GIVEN DATA ::

= = = = = = =

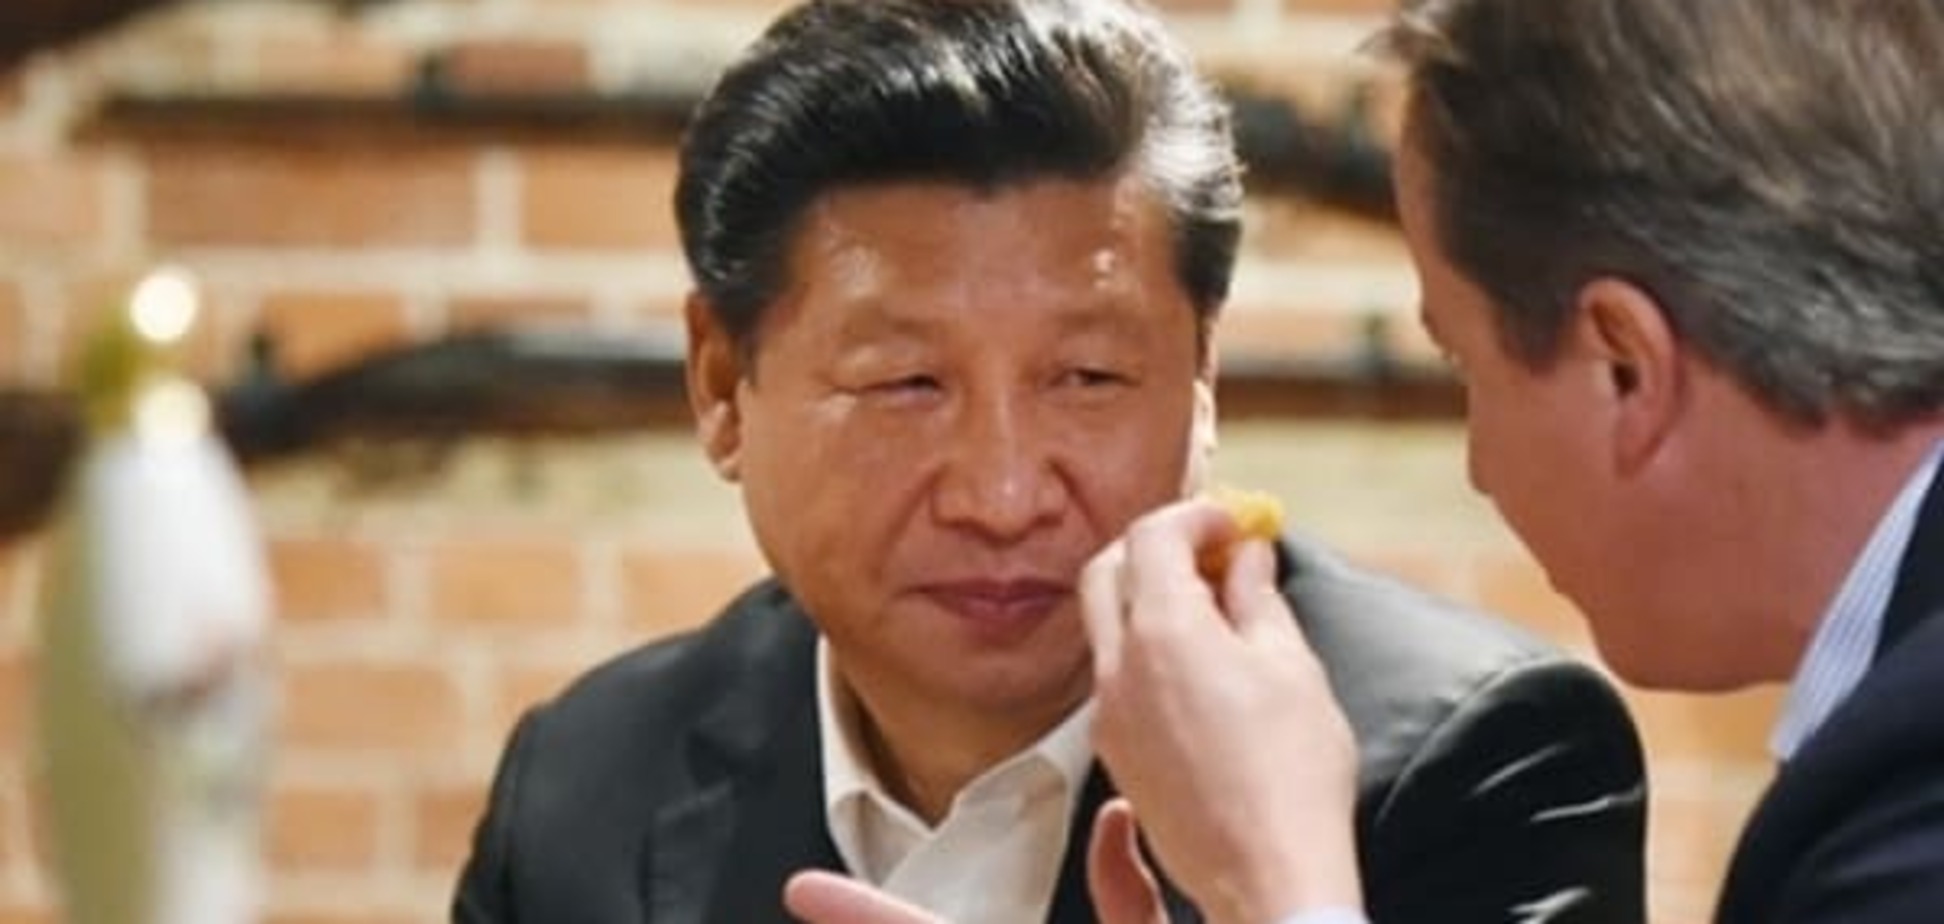 'Ты меня уважаешь?' Кэмерон напоил лидера Китая пивом в местном пабе: фоторепортаж
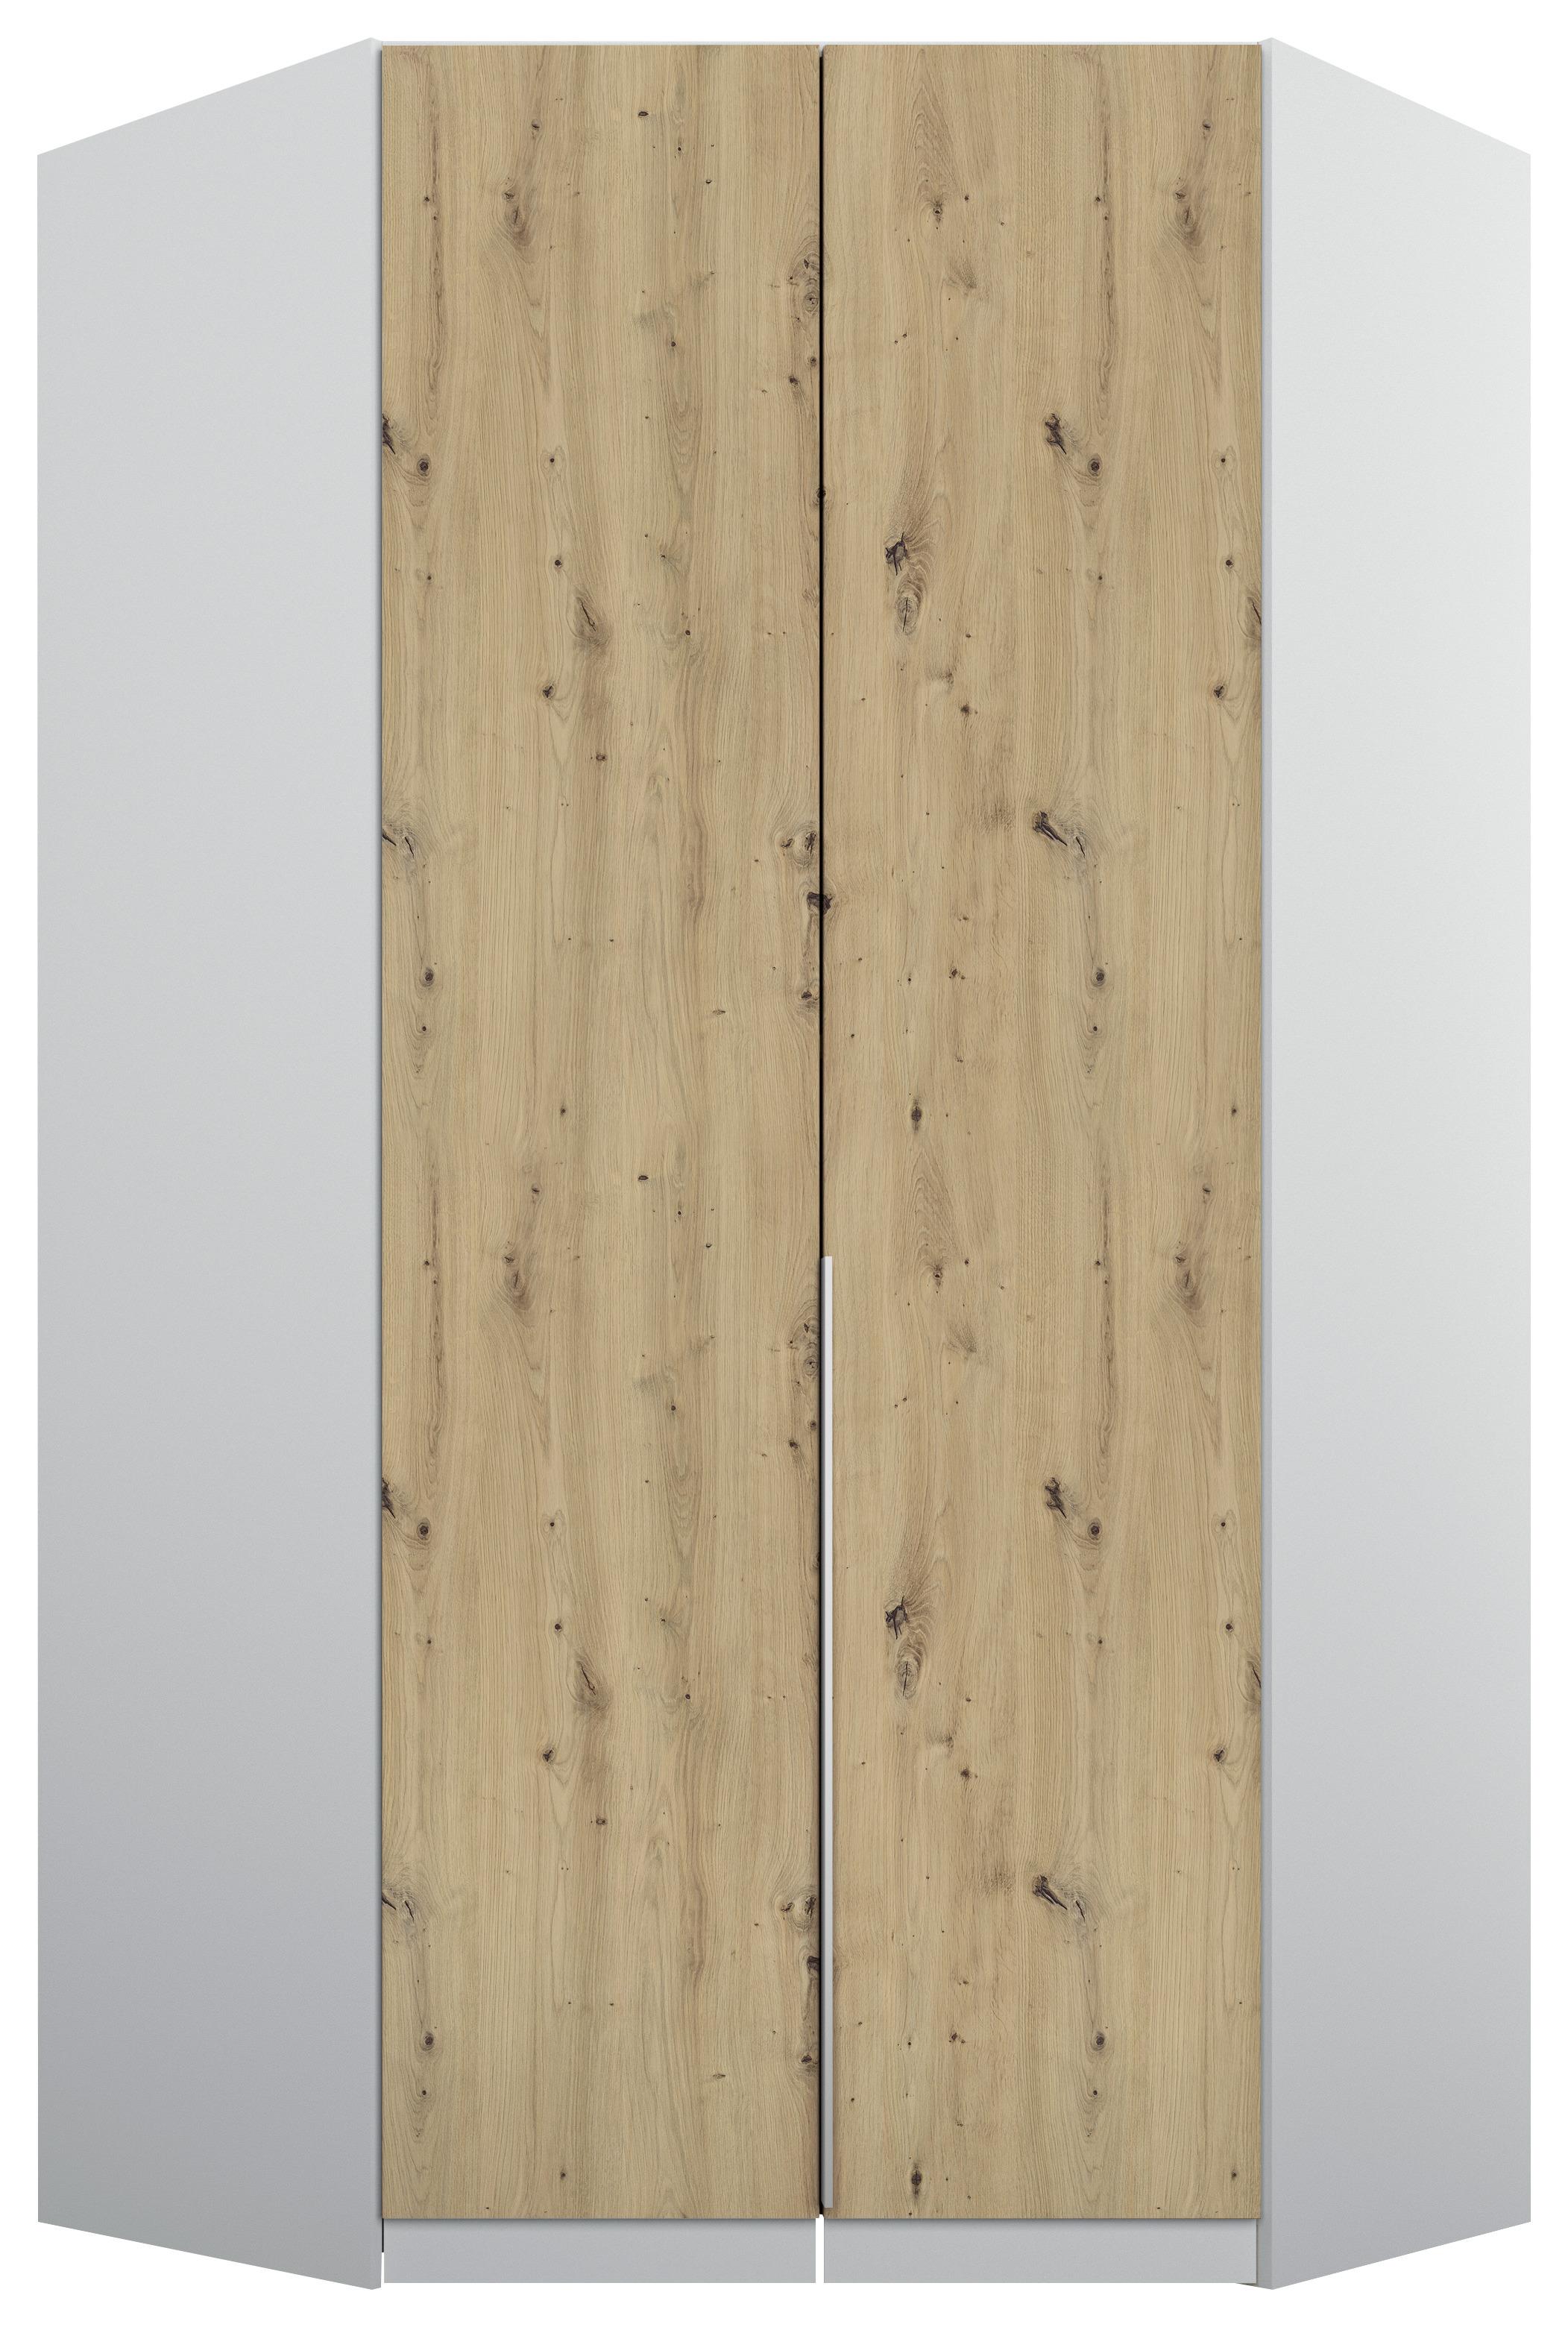 Rohová Šatní Skříň Alabama - světle šedá/barvy hliníku, Moderní, kompozitní dřevo (117/229/117cm)
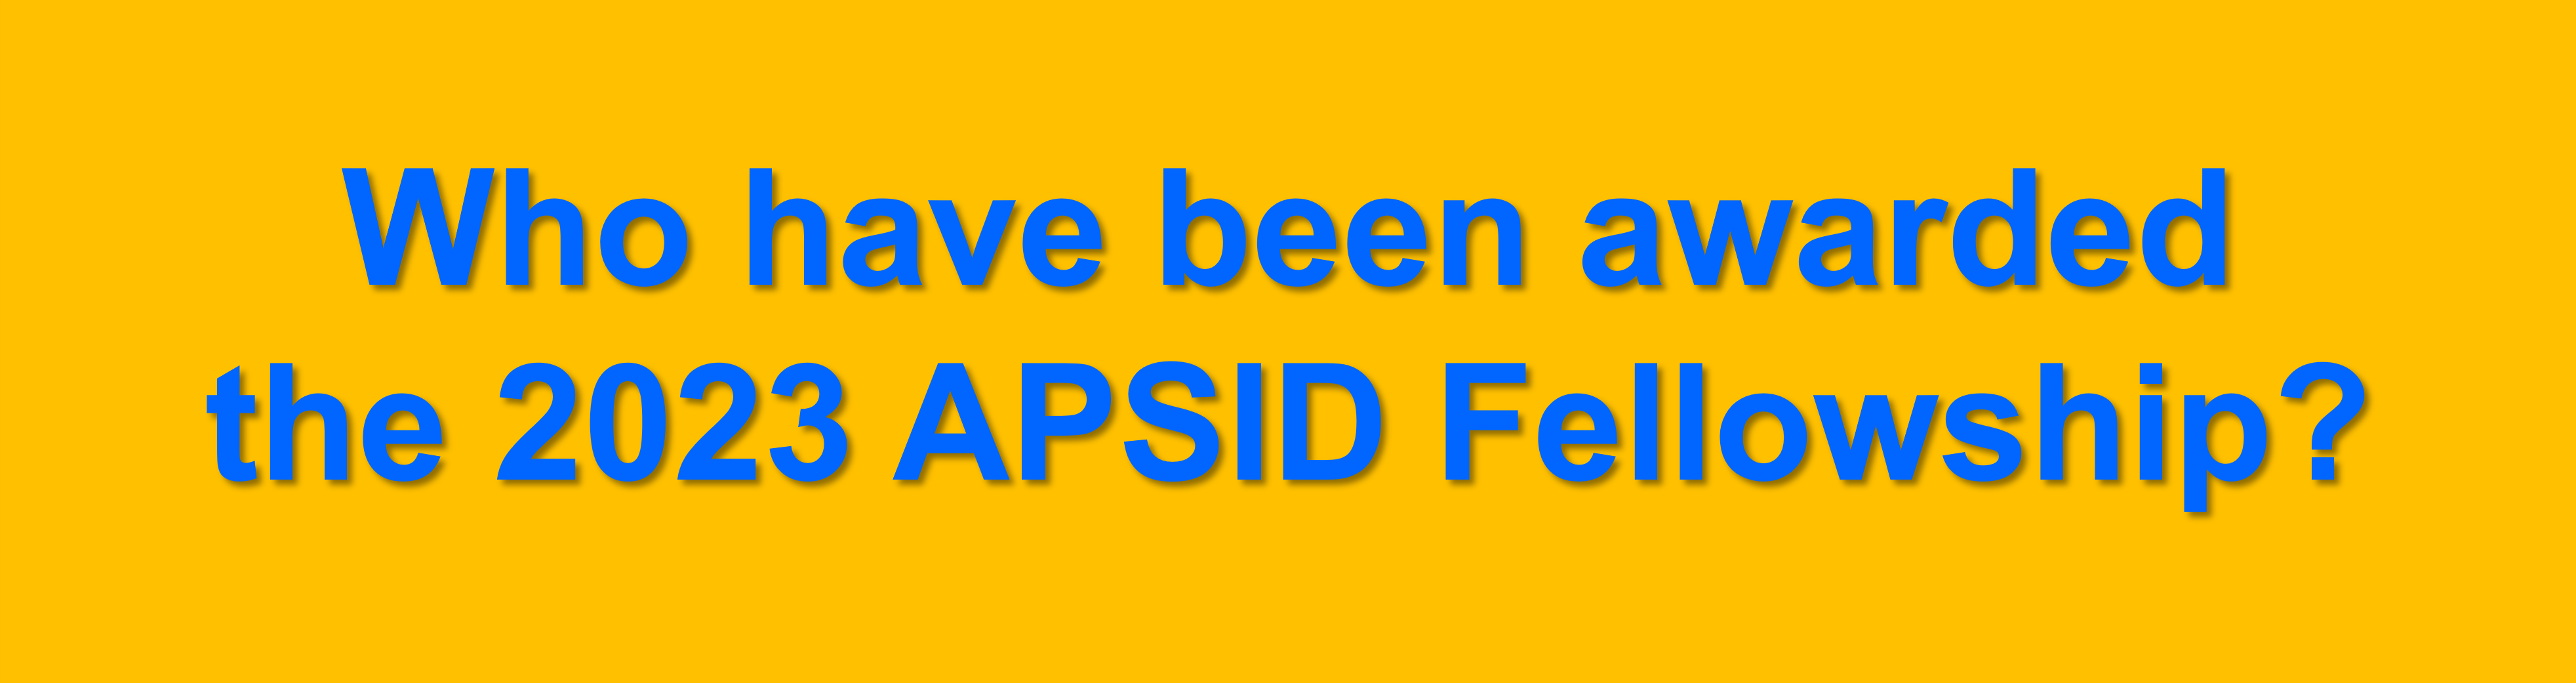 APSID Fellowship 2023
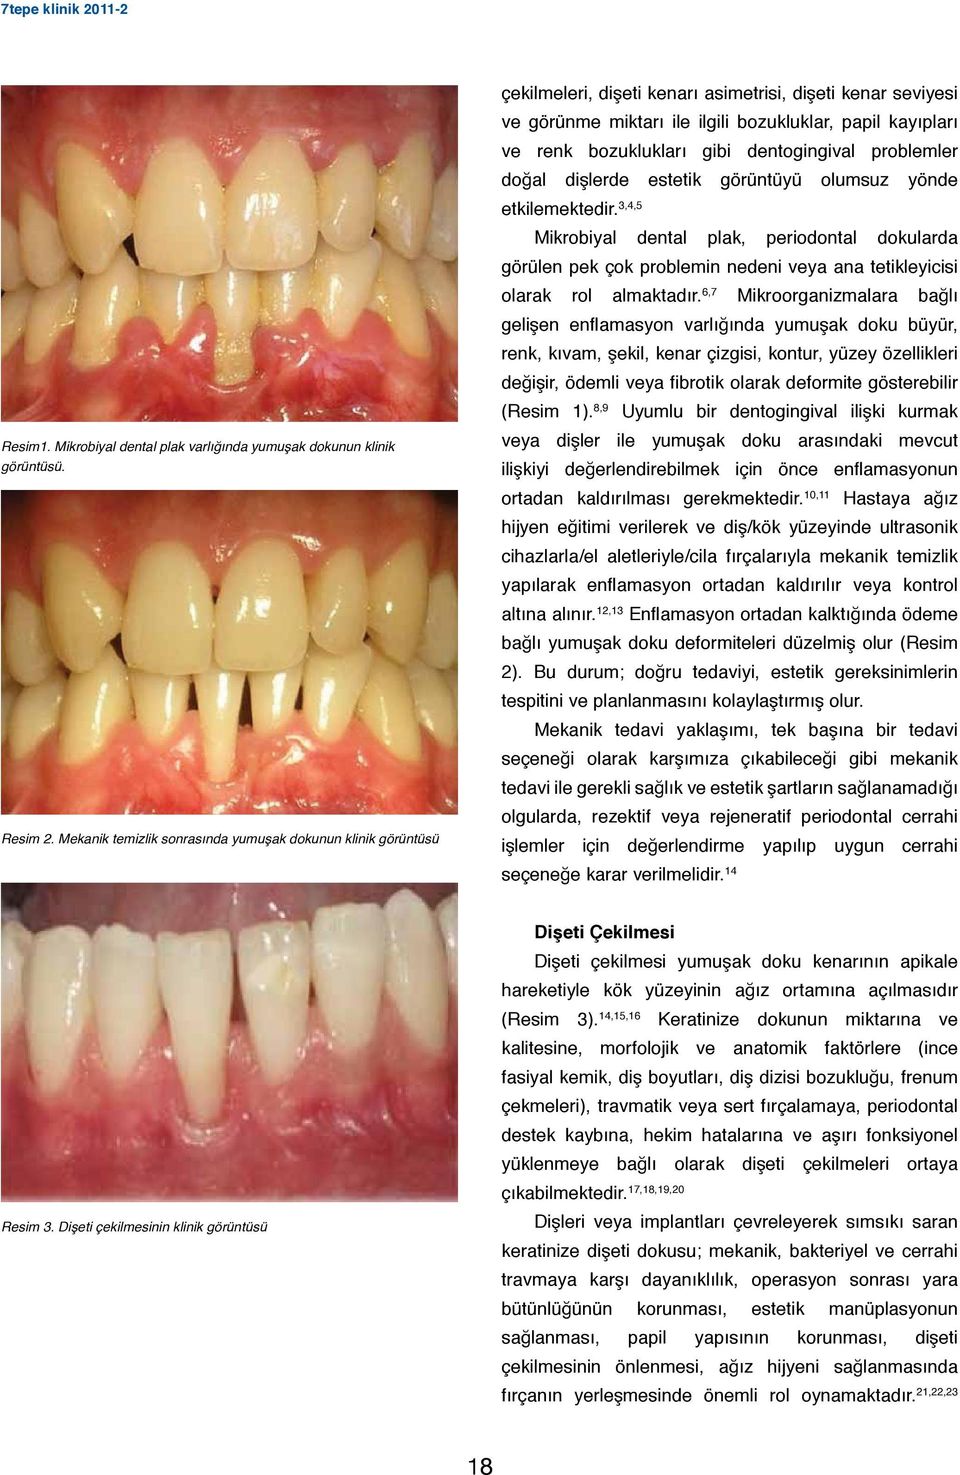 bozuklukları gibi dentogingival problemler doğal dişlerde estetik görüntüyü olumsuz yönde etkilemektedir.

= = = = = = =

WHAT IS REQUIRED ::
Begin at the line containing "Rohová Šatní Skříň" and restate exactly every line through the end of the material, skipping the pictures.

ANSWER TO THE EXERCISE ::
 Rohová Šatní Skříň Alabama - světle šedá/barvy hliníku, Moderní, kompozitní dřevo (117/229/117cm)
 APSID Fellowship 2023
 bozuklukları gibi dentogingival problemler doğal dişlerde estetik görüntüyü olumsuz yönde etkilemektedir.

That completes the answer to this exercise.